Тропинка плавно перешла в дорогу. Далеко в голубоватой дымке возвышались шпили соседних замков, над крохотными утонувшими в зелени деревеньками курился сизый дымок, донося запах свежеиспечённого хлеба и, это неизбежно - свиней. Вдалеке раскинулись поля и маленькие участки огородов, отвоеванные у рощ. С упоением вдыхая вкусный воздух, я наблюдал, как обвязавший голову красной тряпкой крестьянин с приглушенными воплями спасается от вырвавшегося из загона черного быка...до чего хорошо на природе!
Когда стало жарче, я свернул вглубь фруктовых садов, несомненно, бывших частной собственностью какого-нибудь помещика, но это не могло меня остановить - предчувствие приключения разогнало мои брюзгливые мысли и пробудило в душе чувство авантюризма, которое всё это время предавалось сиесте.
Там, в тени стройных замечательных яблонь, я съел рисовый пудинг, хоть, признаюсь, особого удовольствия мне это не доставило.
Затем, прислонившись к шершавому стволу дерева, я вытянул ноги, отвыкшие от прогулок, и расслабил руки, привыкшие к мойке полов. Несколько раз сквозь шелест листьев и щебетанье птиц до меня долетал гнусавый голос охранника, недвусмысленно прошипевшего: «Найду вора - изрублю в капусту!». Но я, что мне не свойственно, не придал его словам должного значения.

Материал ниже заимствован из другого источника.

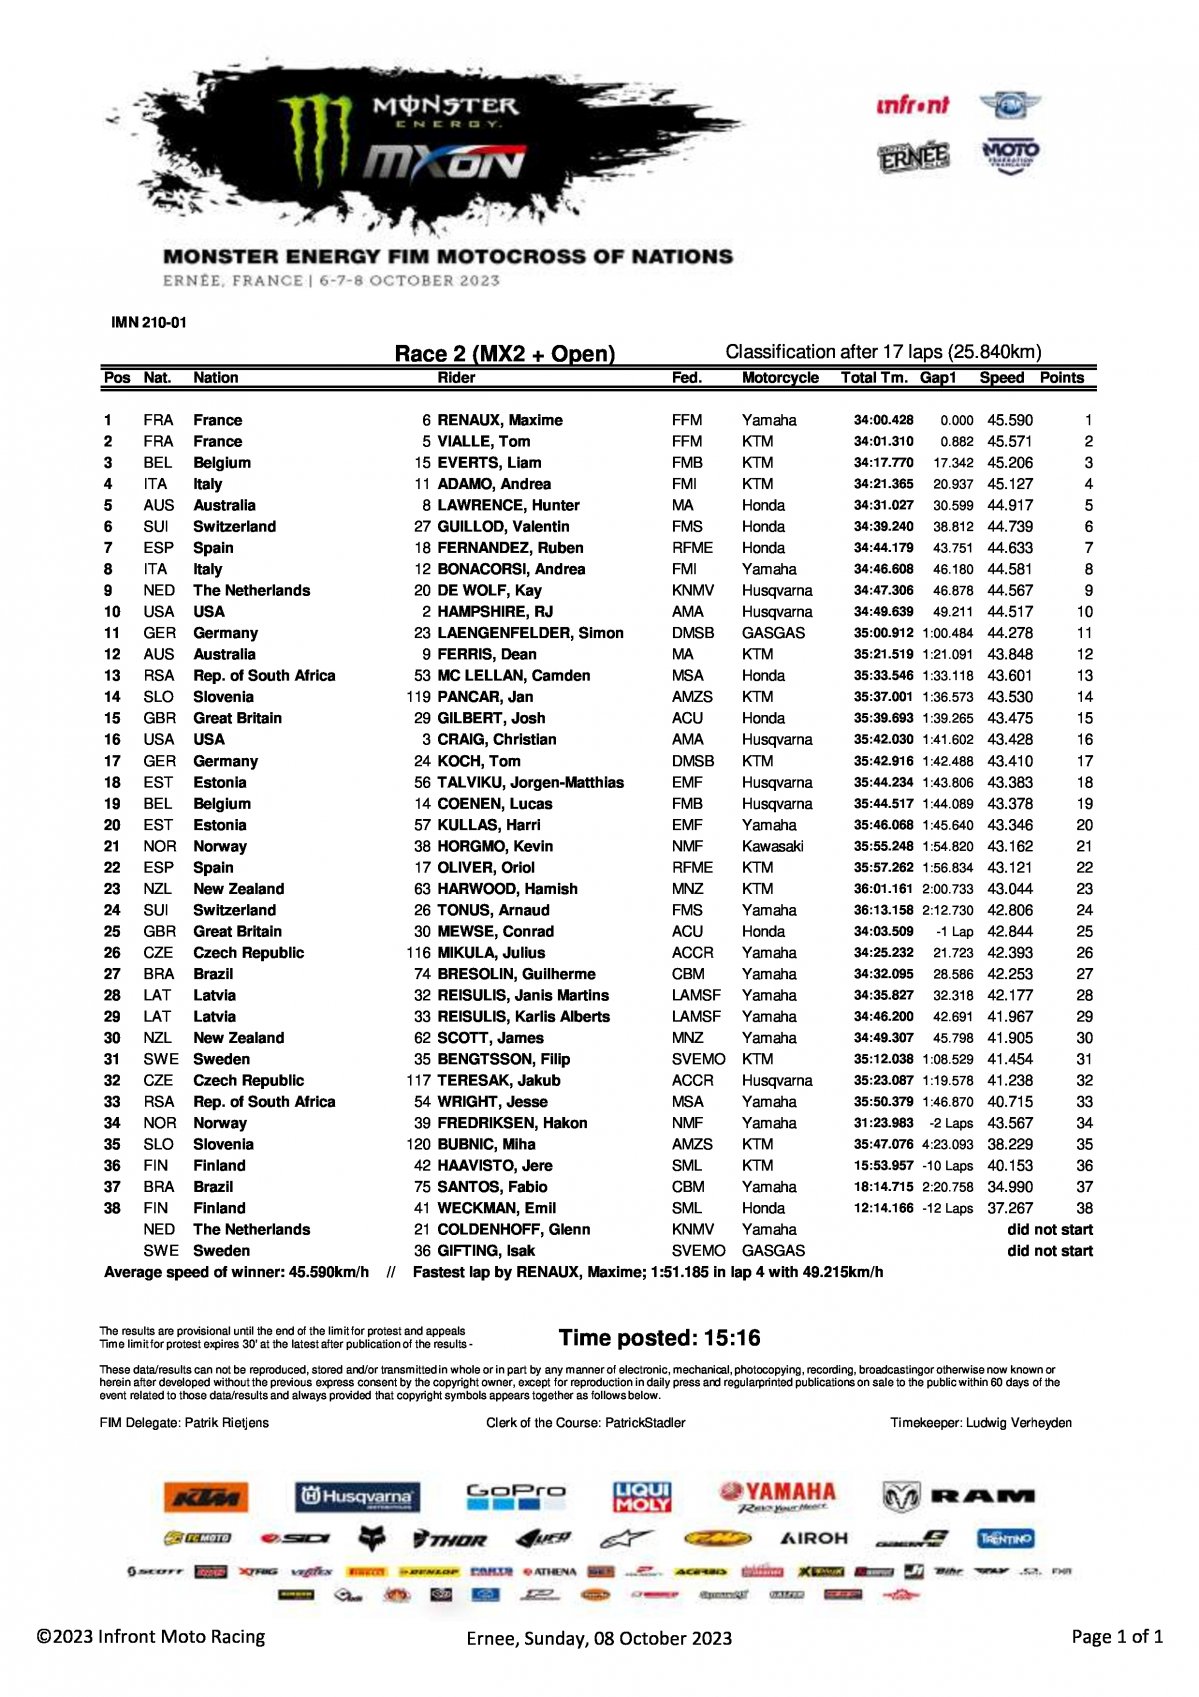 Результаты 2 гонки Мотокросса Наций 2023 - MX2/Open (8/10/2023)
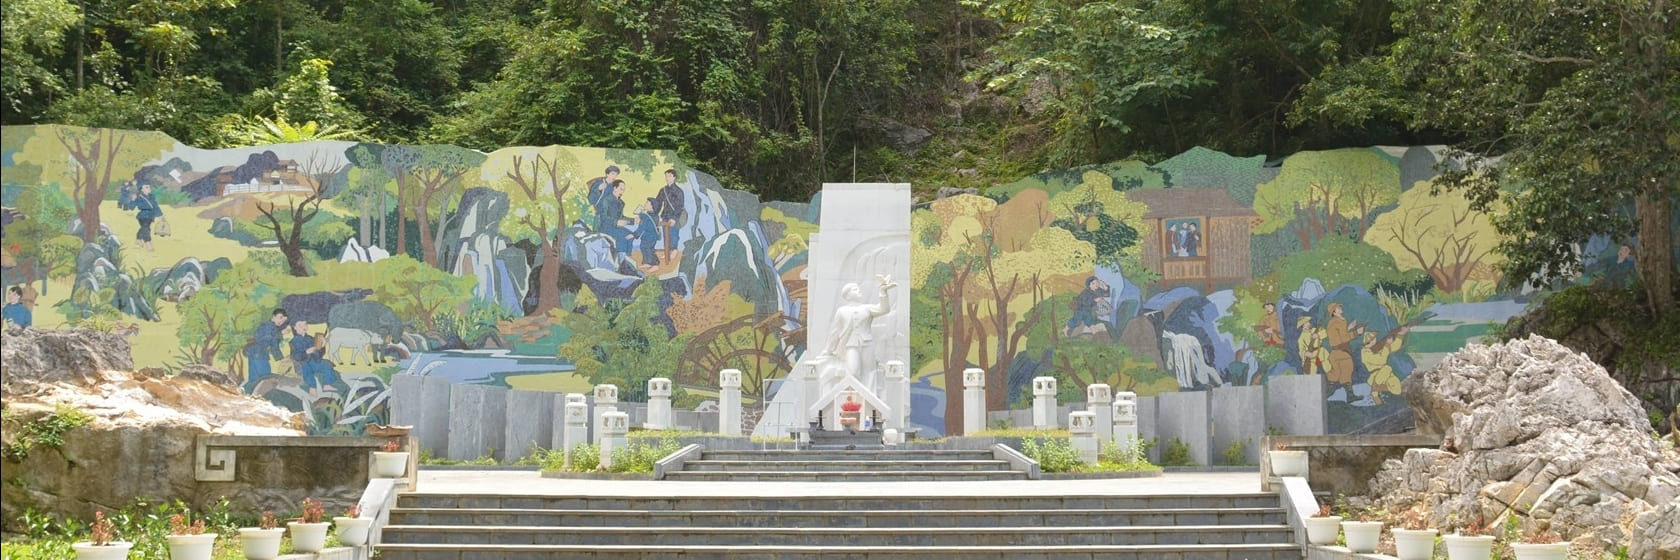 toàn cảnh bức tranh gốm mosaic tại di tích lịch sử anh hùng Kim Đồng

Убаюканный пением сверчков и отсутствием работы, я задремал, а когда проснулся, день уже клонился к вечеру. Расправив слегка затекшие плечи, я снова вышел на пустынную дорогу, залитую апельсиновым закатным сиянием. Однако чем дальше я шел вперёд, а цвет вечера из золотого всё больше становился лиловым, тем сильнее меня охватывало беспокойство.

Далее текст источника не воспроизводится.